Days after the U.S. Supreme Court gutted a key provision of the Voting Rights Act, Simon feared what the decision would mean not just for Black Americans like himself but an entire country where the political guardrails seem to be coming apart.
Simon, who leads the Shelby County Democratic Party in Tennessee, said the court’s conservative majority set a precedent that if you’re “not in the in-crowd group, they can just erase us.”
By weakening a requirement that states draw congressional districts in a way that gives minorities an opportunity to control their own fate, the court escalated the nationwide redistricting war that has seen Democrats and Republicans casting aside decades of tradition in hopes of gaining an edge over the competition. New sessions are scheduled to begin this week in two Republican-controlled states to eliminate U.S. House districts represented by Democrats, and there’s more on the horizon.

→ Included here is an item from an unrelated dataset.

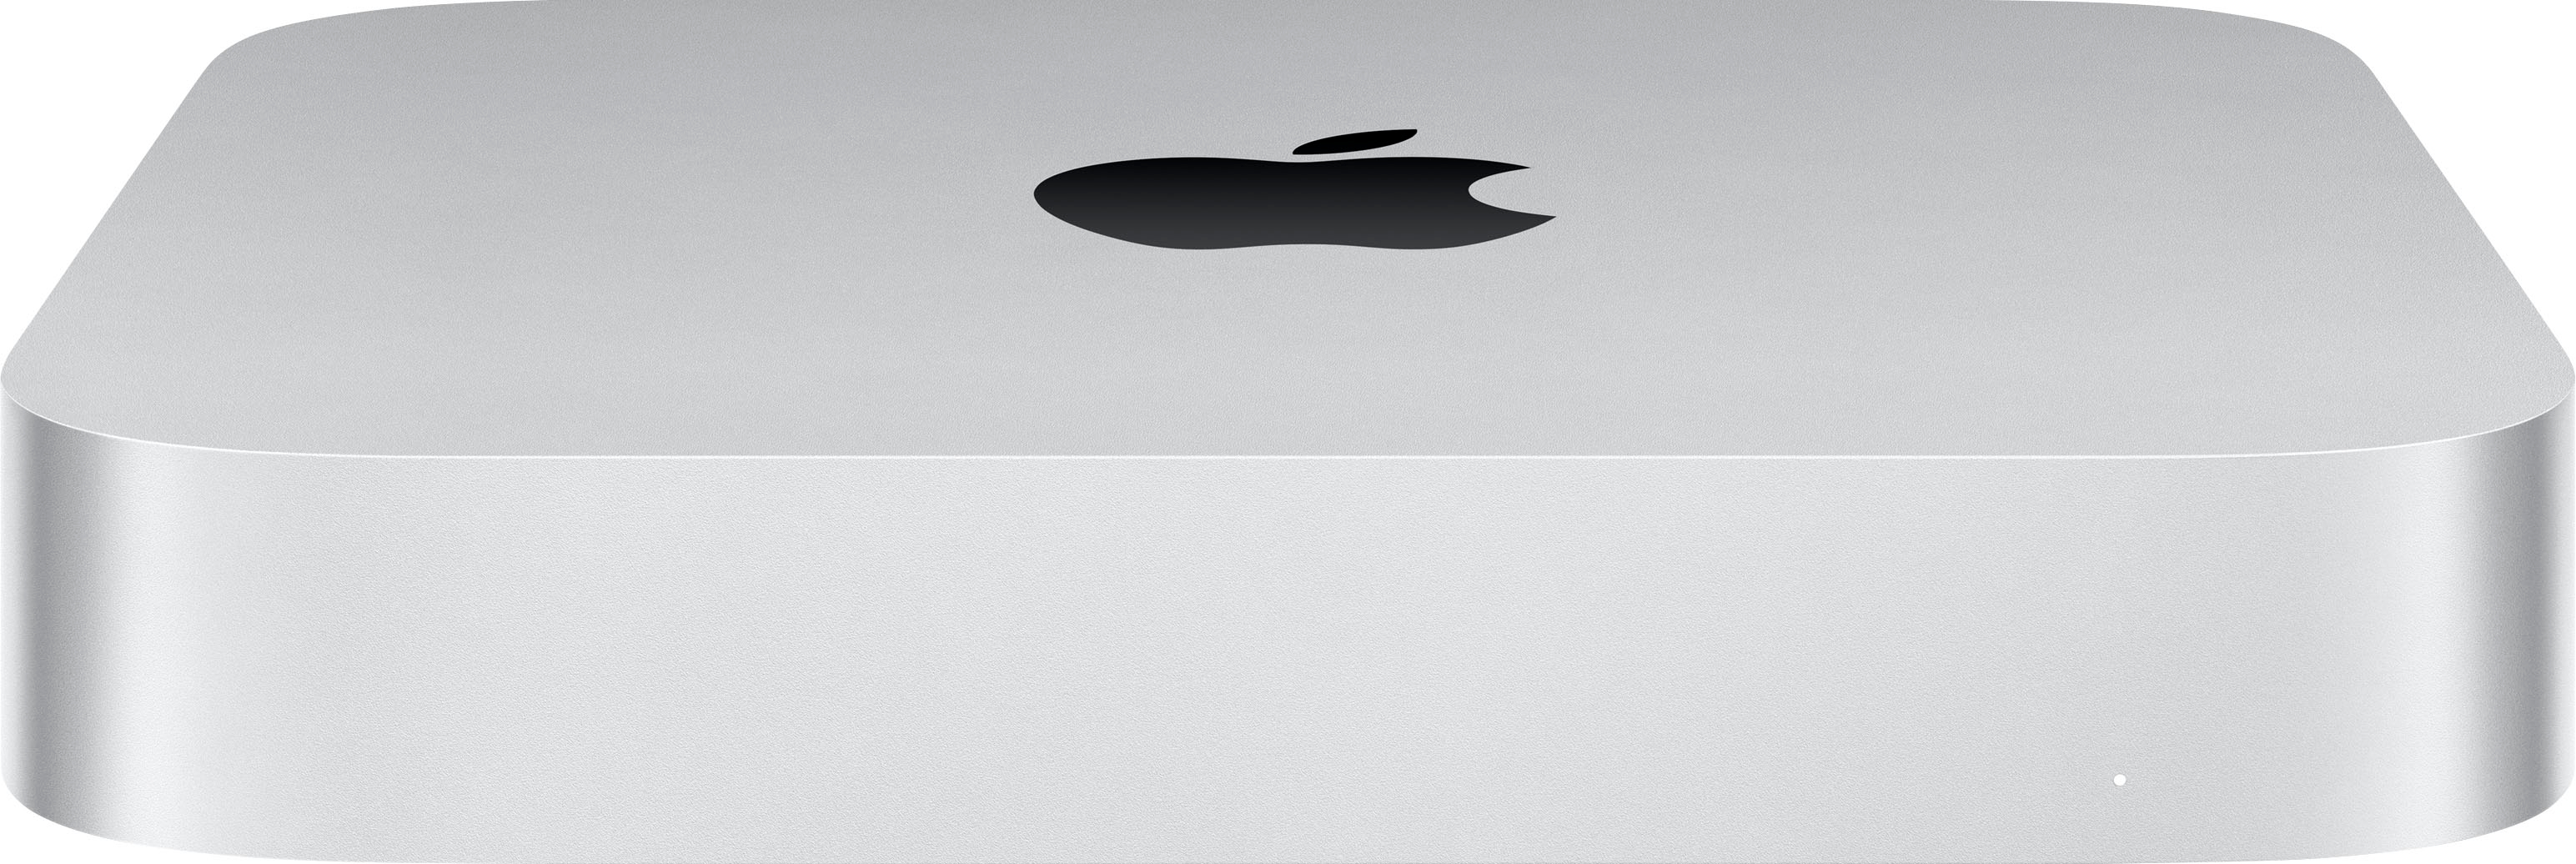 Mac mini (2020, Apple M1, 8GB, 256GB)

It’s the latest example of how the American democratic experiment has been pushed to the breaking point in the decade since Donald Trump rose to power. Extreme rhetoric has become commonplace. There’s been a spike in political violence and a rash of assassinations. Five years after the Jan. 6 attack on the U.S. Capitol, Trump’s allies are trying to harness the same falsehoods about voter fraud to reshape elections.
The rules and norms that once helped smooth over an unruly country’s vast differences have given way to a race for power at all costs.
“I’ve never subscribed to the idea we’re in a civil war, but the gerrymandering wars and the recent decision from the Supreme Court do not make the United States more united,” said Matt Dallek, a political scientist at George Washington University. “It speeds up the hyperpartisan force and atmosphere that people feel on both sides.”